Part (i): Colour of transition metal compounds.
Step 1: Reason. Transition metal ions have partially filled (n-1)d orbitals. In the presence of ligands or in the crystal, the five d orbitals split into two sets of slightly different energy (\(t_{2g}\) and \(e_g\)).
Step 2: d-d transition. When visible light falls on the compound, an unpaired d electron absorbs a particular wavelength (energy) and is promoted from the lower to the higher d-orbital set. This is called a d-d transition.
Step 3: Observed colour. The compound transmits/reflects the remaining light, so it appears in the complementary colour of the light absorbed. Ions with completely empty (\(d^0\), e.g. \(Sc^{3+}\), \(Ti^{4+}\)) or completely filled (\(d^{10}\), e.g. \(Zn^{2+}\), \(Cu^+\)) d orbitals have no d-d transition and are therefore colourless.

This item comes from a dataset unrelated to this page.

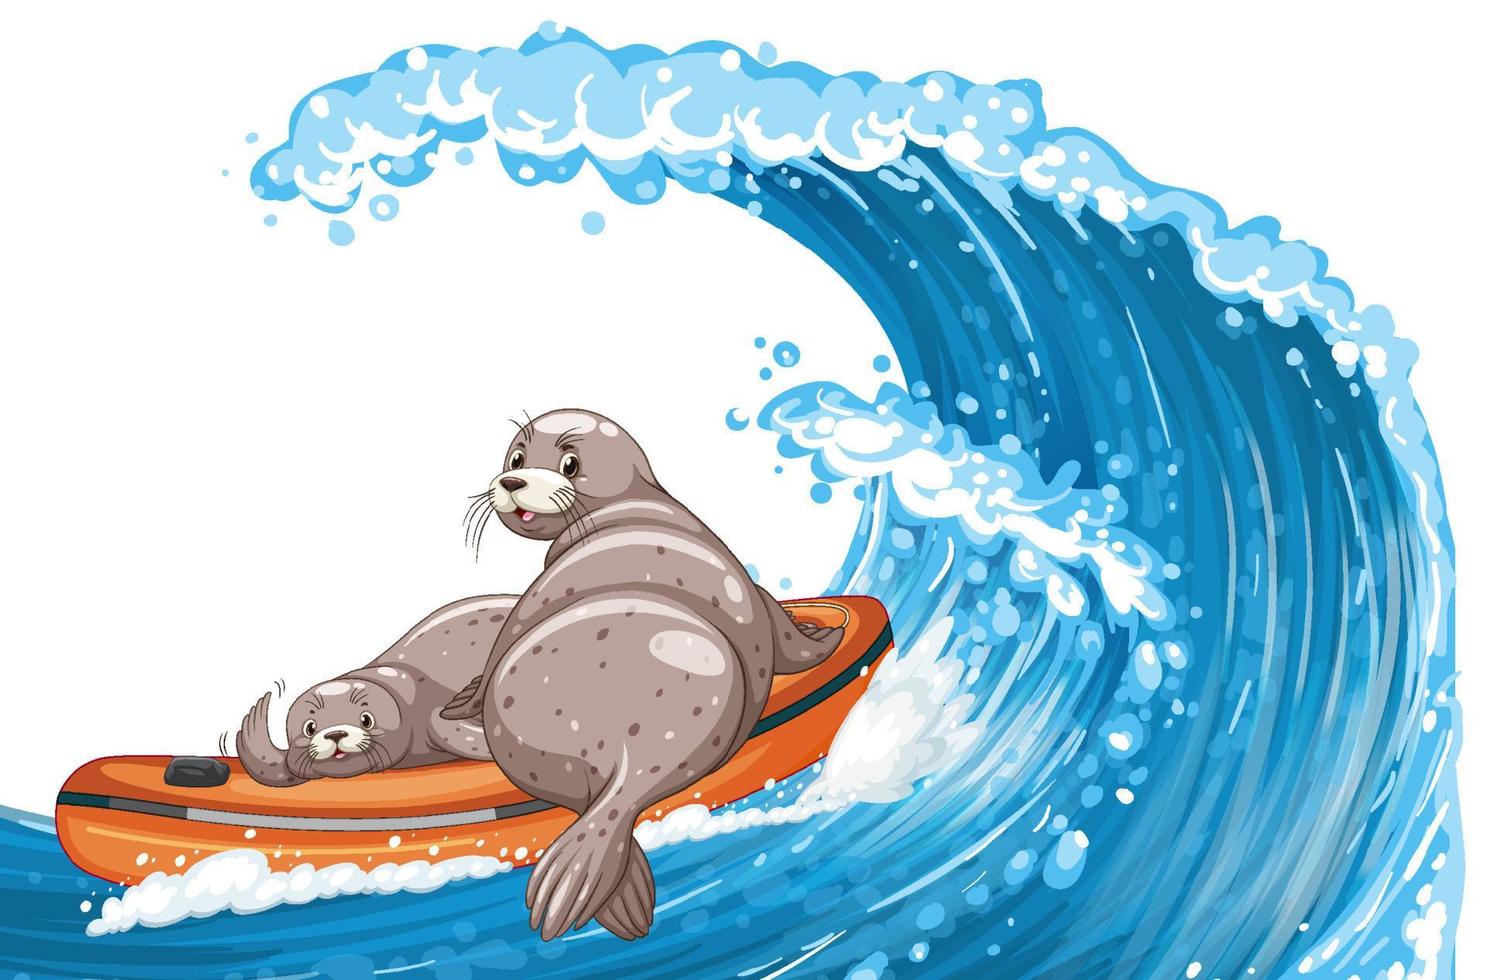 zeehonden in opblaasbare boot in cartoonstijl vector

Part (ii): Lanthanoid contraction.
Step 1: Statement. Across the lanthanoid series (from \(La\) to \(Lu\)), as the atomic number increases the atomic and ionic (\(M^{3+}\)) radii show a steady decrease. This regular decrease is called the lanthanoid contraction.
Step 2: Cause. The added electrons enter the inner 4f subshell. The 4f electrons have a poor shielding effect, so the effective nuclear charge felt by the outer electrons increases with atomic number, pulling the electron cloud closer and reducing the size.
Step 3: Consequences.
(a) Elements of the second (4d) and third (5d) transition series have almost the same size (e.g. Zr and Hf), so their properties are very similar and they are difficult to separate.
(b) There is a slow decrease in the basic strength of the hydroxides from \(La(OH)_3\) to \(Lu(OH)_3\).
(c) It causes similarity in properties of the lanthanoids, making their separation difficult.